Many of my therapy clients describe a sensation of quarantine fatigue. An awareness of repetition and a longing for social connection are the most noticeable markers of this fatigue. Each day feels remarkably similar to the one before. With so many of life’s animating punctuations cancelled or postponed indefinitely, there is a rinse-wash-repeat narrative to the routine of quarantine that can feel isolating, frustrating and surreal.

The prescient release of the film Palm Springs acts as an unlikely mirror reflecting the monotony of our extended quarantine. Viewers will enjoy the movie much more if they avoid the significant spoilers revealed in the trailer. I am relieved that I was able to experience this delightful film without any knowledge of the plot, so there is no link included in this post. For those who crave a bit of a spoiler, consider dialing it down a notch and instead check out this hilarious clip from the Anatomy of a Scene. The clip includes some spoilers, but does not poison the pleasure of watching the surprising plot twists as they unfold.

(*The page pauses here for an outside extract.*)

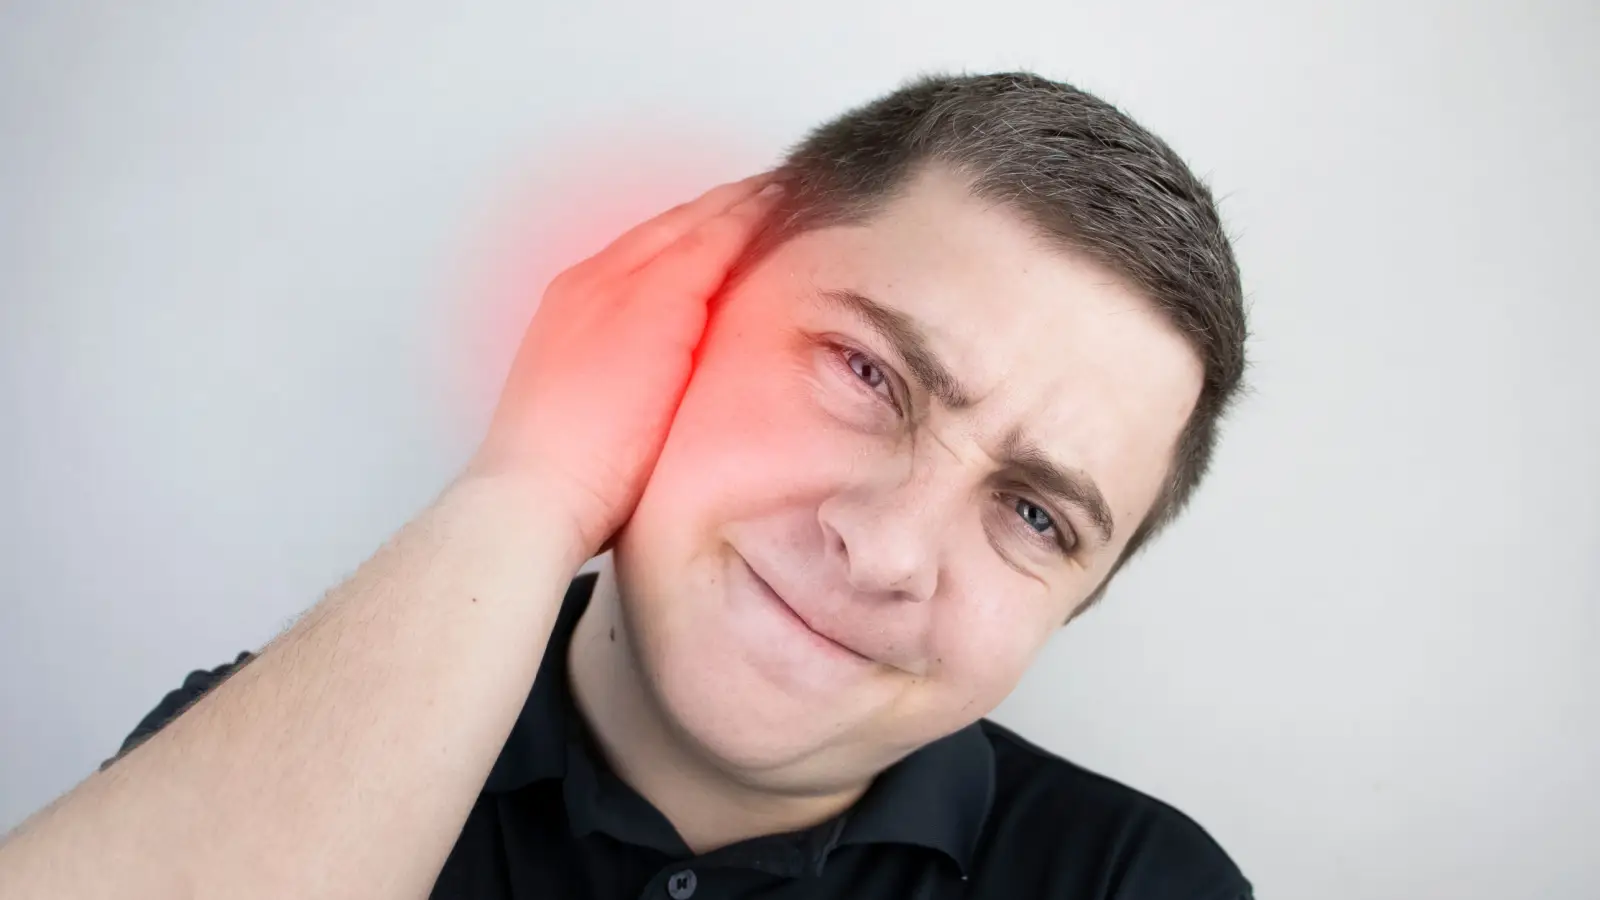 ما هي طرق علاج التهاب الأذن الوسطى؟ وكيف يمكن تجنبها؟

The film takes place on the day of a wedding in Palm Springs. Nyles (Andy Samberg) is a plus one guest of one of the bridesmaids and Sarah (Cristen Milioti) is the wayward, heavy drinking maid of honor and big sister of the bride. The plot repeats the day of the wedding again and again in a manner that echoes particular elements of the human experience panning out during this deeply challenging time. Subtle distinctions like whether the bride has all of her teeth create minor variations in the experience of the day. But, for the most part, each day is exactly the same as the one before.

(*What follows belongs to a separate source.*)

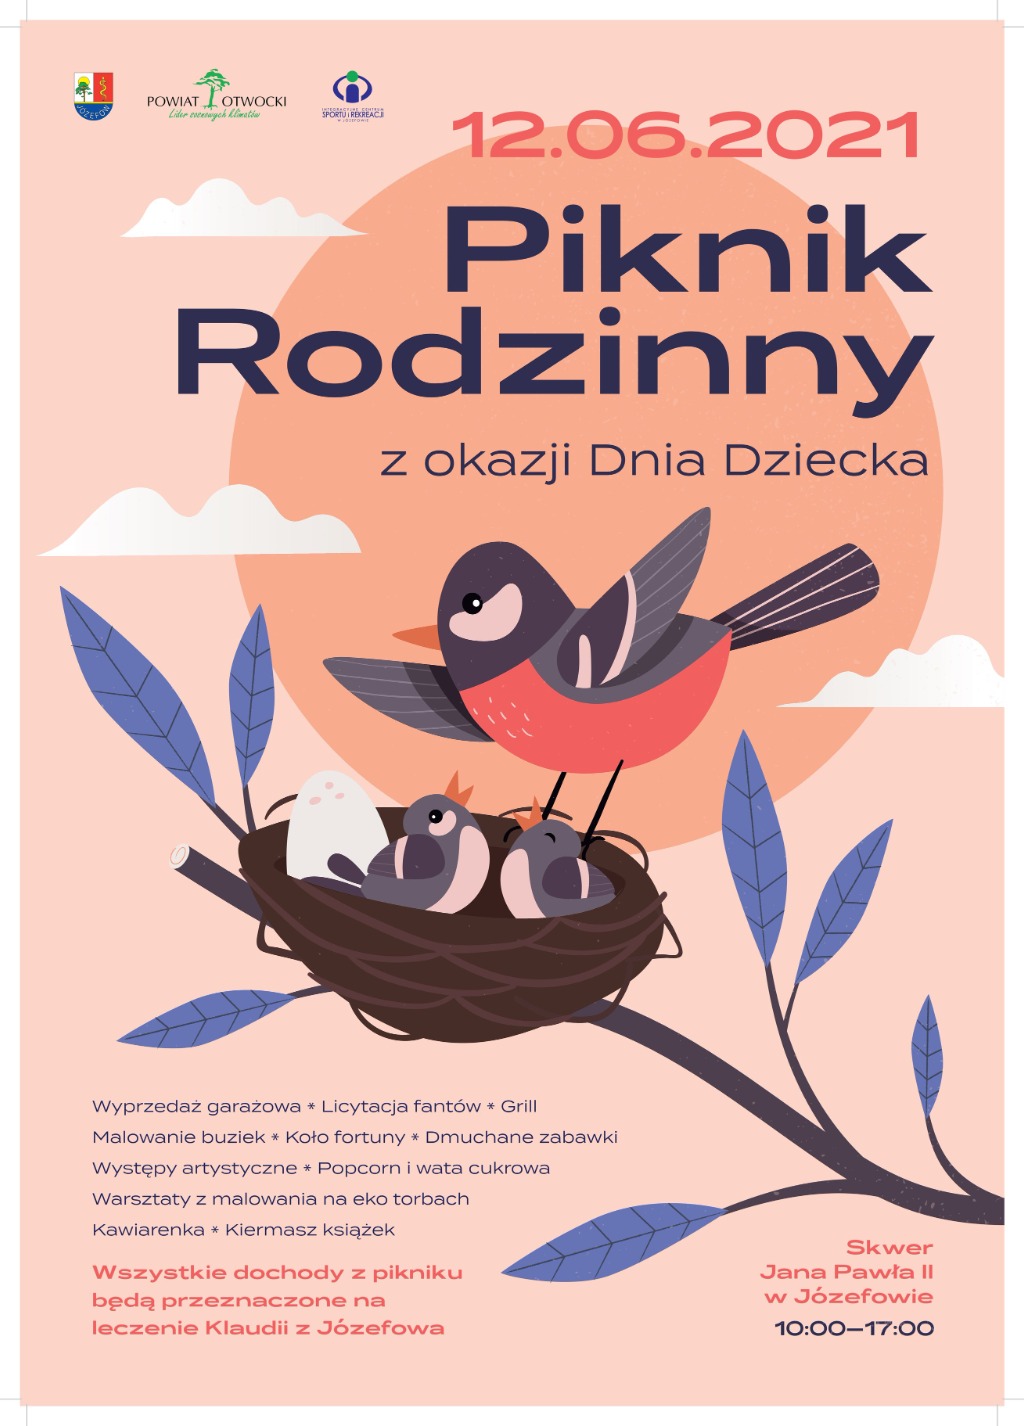 Rysunek ptaków w gnieździe na różowym tle. Wokół informacje na temat pikniku.

Palm Springs is a romantic comedy and it is not about a pandemic, so the substance of the story has nothing to do with the current challenges we are facing as a society. But, from a relational perspective, the plot is as interesting as it is entertaining. The setup poses the underlying question of how two people should handle their approach to life if every day is going to be pretty much the same as the day before it. The ability to become one’s kindest, most emotionally mature self is a timely lesson in patience and perseverance. Many of my current therapy clients are discovering ways to adapt to the current challenges. For those of us who are able to work remotely, there’s no place like home, especially if there is a willingness to make the most of it. Sometimes that might involve watching a film like Palm Springs, together with the ones we love.